Вообще, переезд от Варшавы до Ливадии оставил невеселое впечатление. Это впечатление еще усилилось, когда, прибыв в Одессу (27-го числа вечером), мы перешли с железной дороги на яхту «Ливадия». При самом отходе яхты от берега, в виду всей одесской публики, толпившейся на пристани, вдруг приключился у генерала Потапова сильный нервный пароксизм. С трудом увели его в каюту, но всю ночь он кричал страшным голосом, так что никому не дал спать. Утром генерал успокоился, но со всеми признаками умственного расстройства.
По приезде в Ливадию его сначала поместили было в свитском флигеле, но потом нашли необходимым перевезти в Ялту, чтобы при первой возможности отвезти в Петербург.
По приезде в Ялту (28-го числа в 2 часа дня) я узнал, что для меня отведено помещение в том же флигеле, из чего заключил, что мне предстоит оставаться в Ливадии, при государе.

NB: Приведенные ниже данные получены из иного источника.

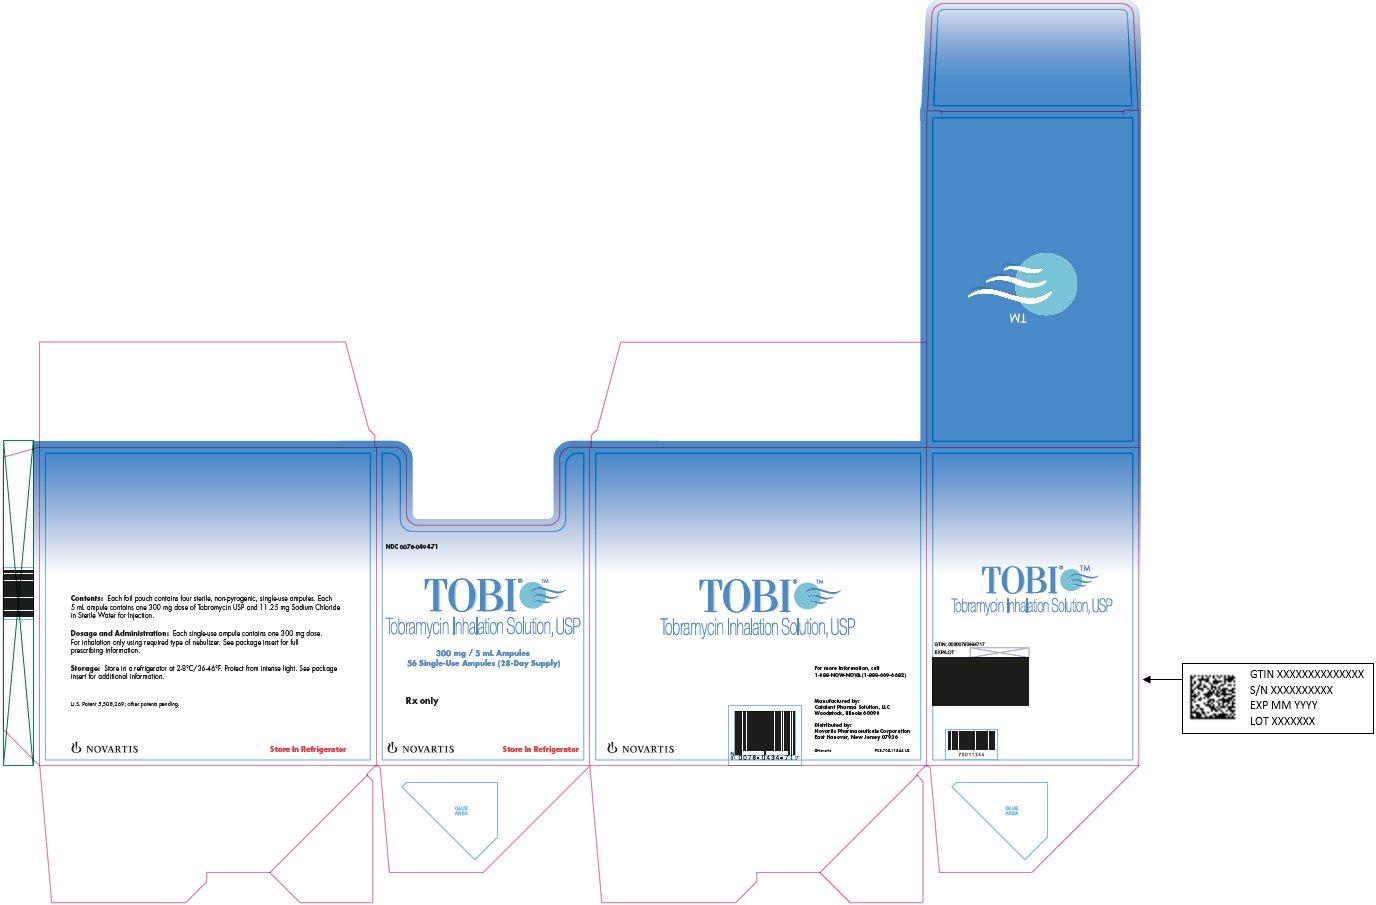 TOBI® 300 mg/5 mL Ampules Carton Label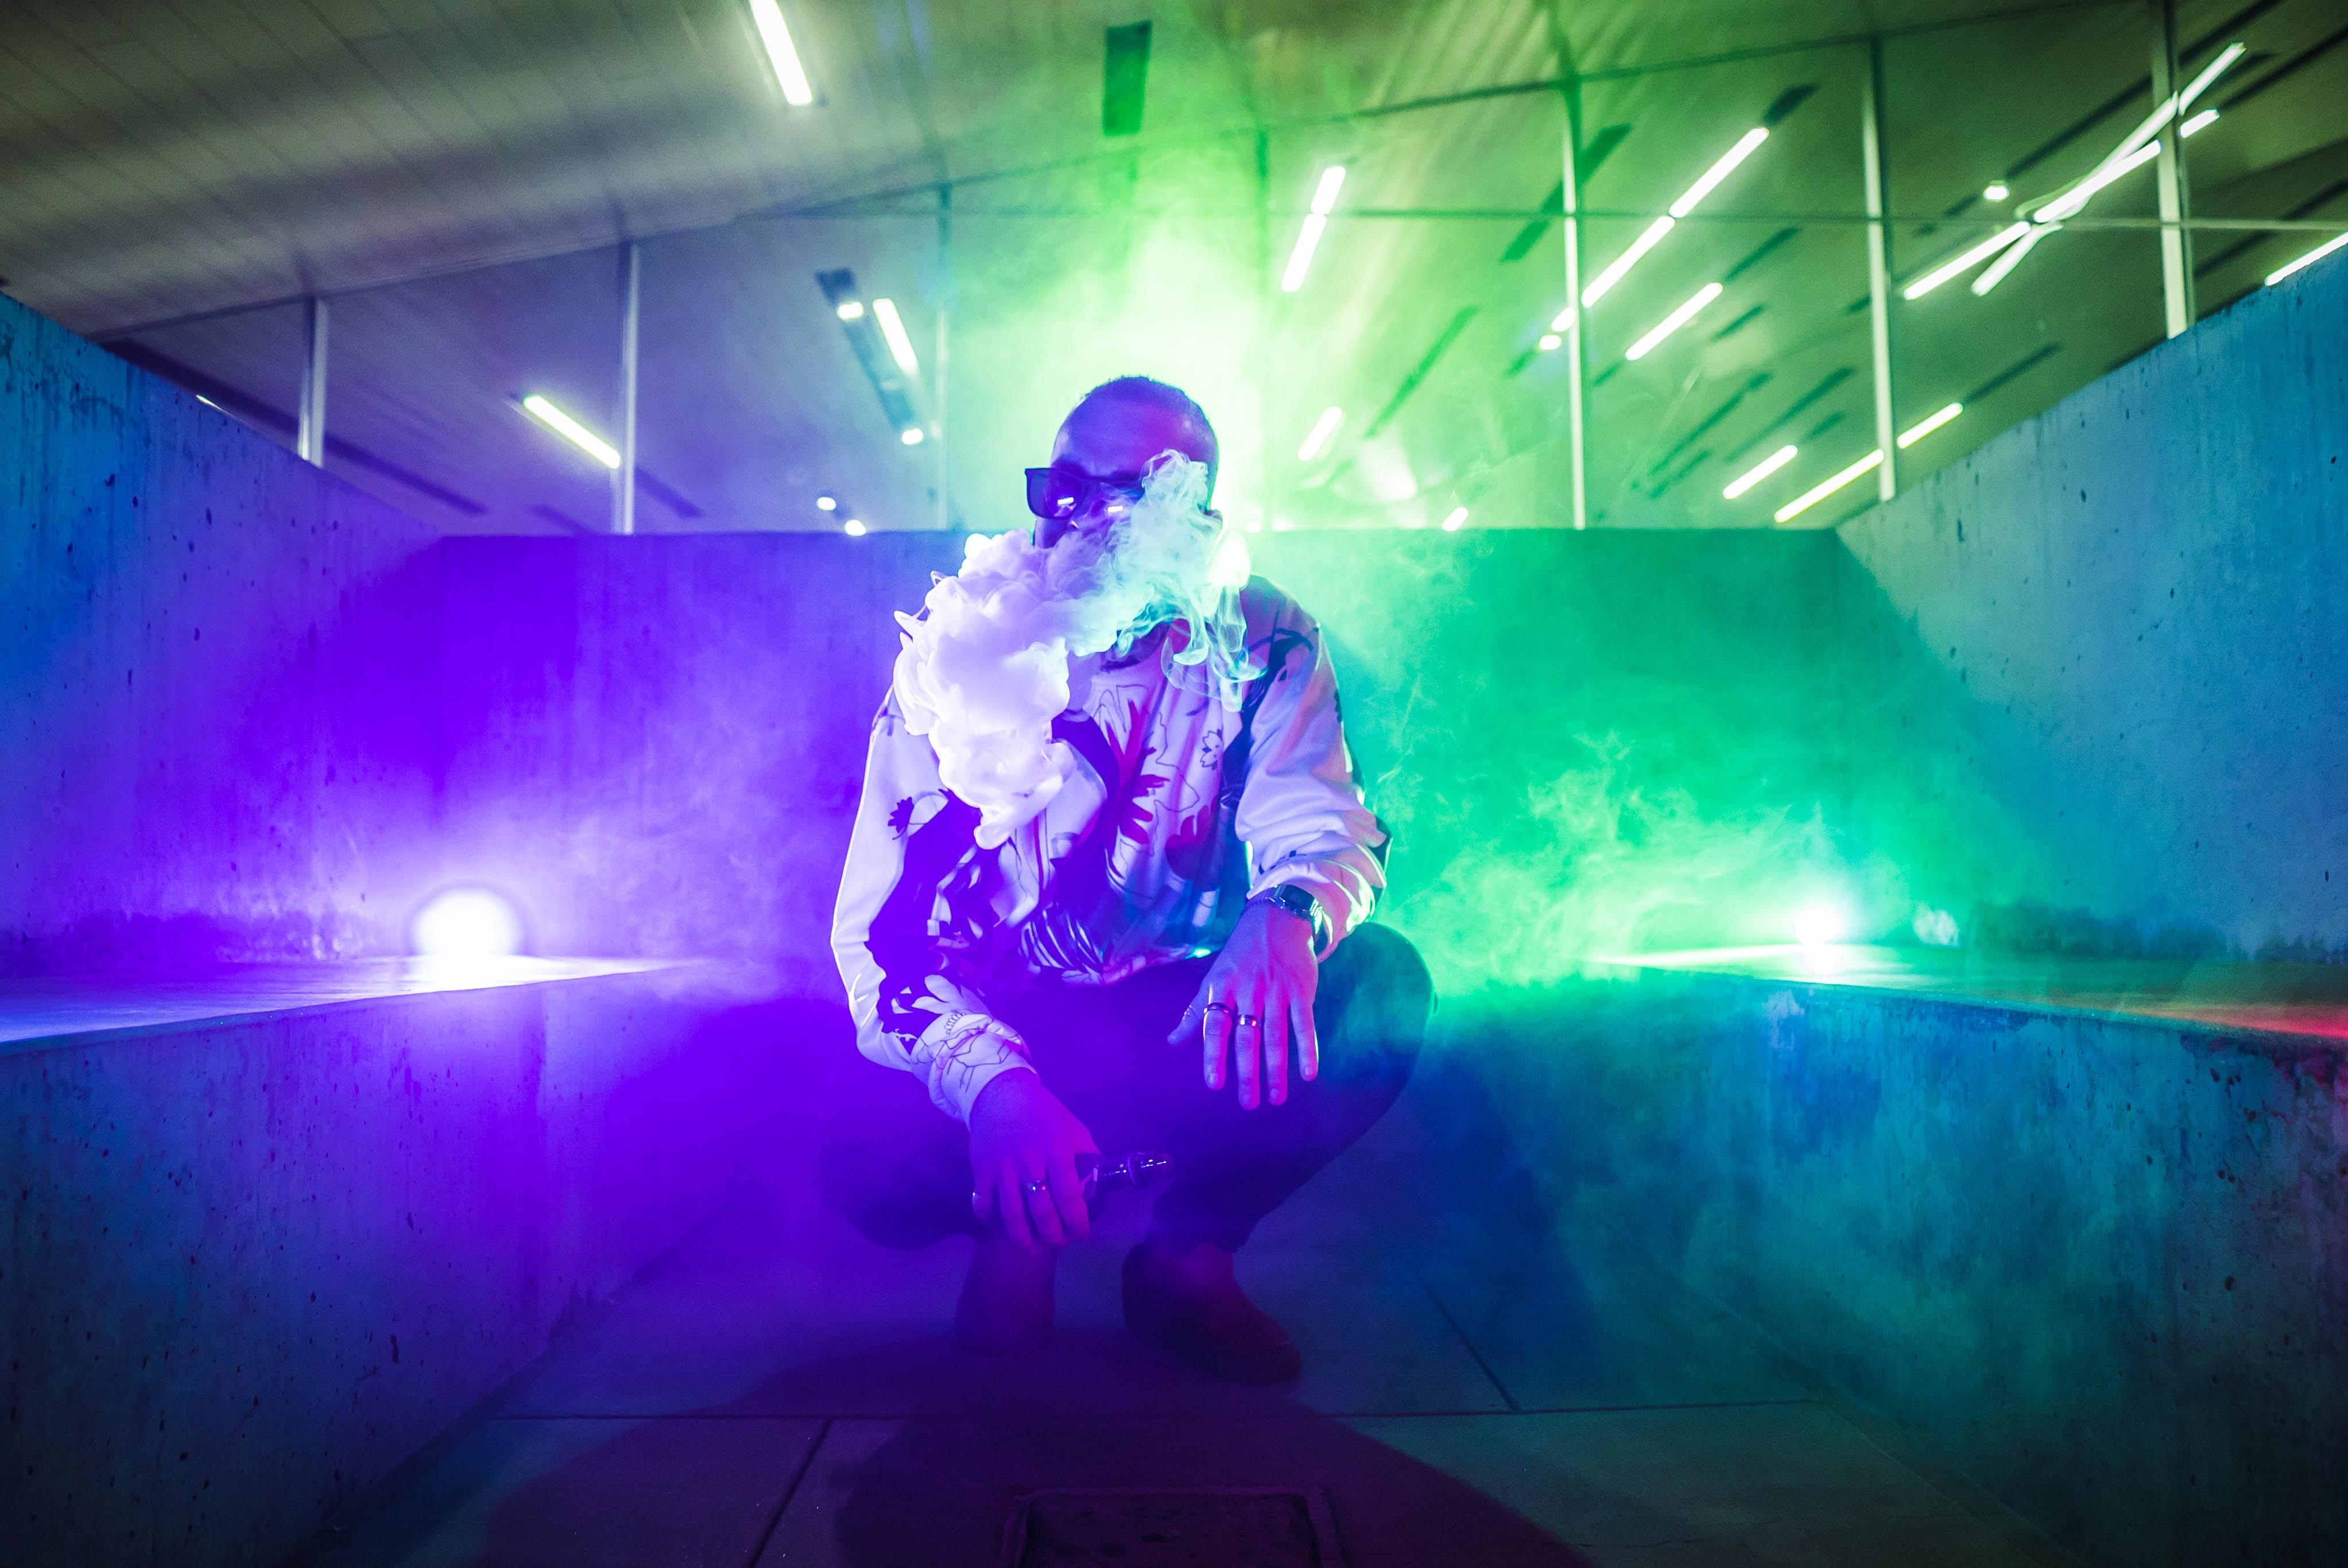 man with vape smoke squatting on ground

Вот четвертый день, что я веду жизнь по установленным здесь порядкам и обычаям. Три раза в день всё общество собирается в столовой (она же и зала): к завтраку (в 12 часов), к обеду (в 7 часов) и на вечернее собрание (в 9½ часов). С первых же дней уже заметна написанная на всех лицах скука. Сам государь мрачен и озабочен; императрица нездорова, не выходит из комнаты и не принимает; между лицами свиты, особенно женского пола, – разлад. Для меня, впрочем, есть некоторое утешение – присутствие дочери. В самый день нашего приезда в Ливадию жена моя приезжала сюда повидаться со мной, так как я не мог отлучиться накануне торжественного дня 30 августа. Только сегодня, в день доклада моего, я отпросился навестить свою семью; сейчас отправляюсь в Симеиз, где надеюсь пробыть до пятницы, то есть до следующего дня доклада.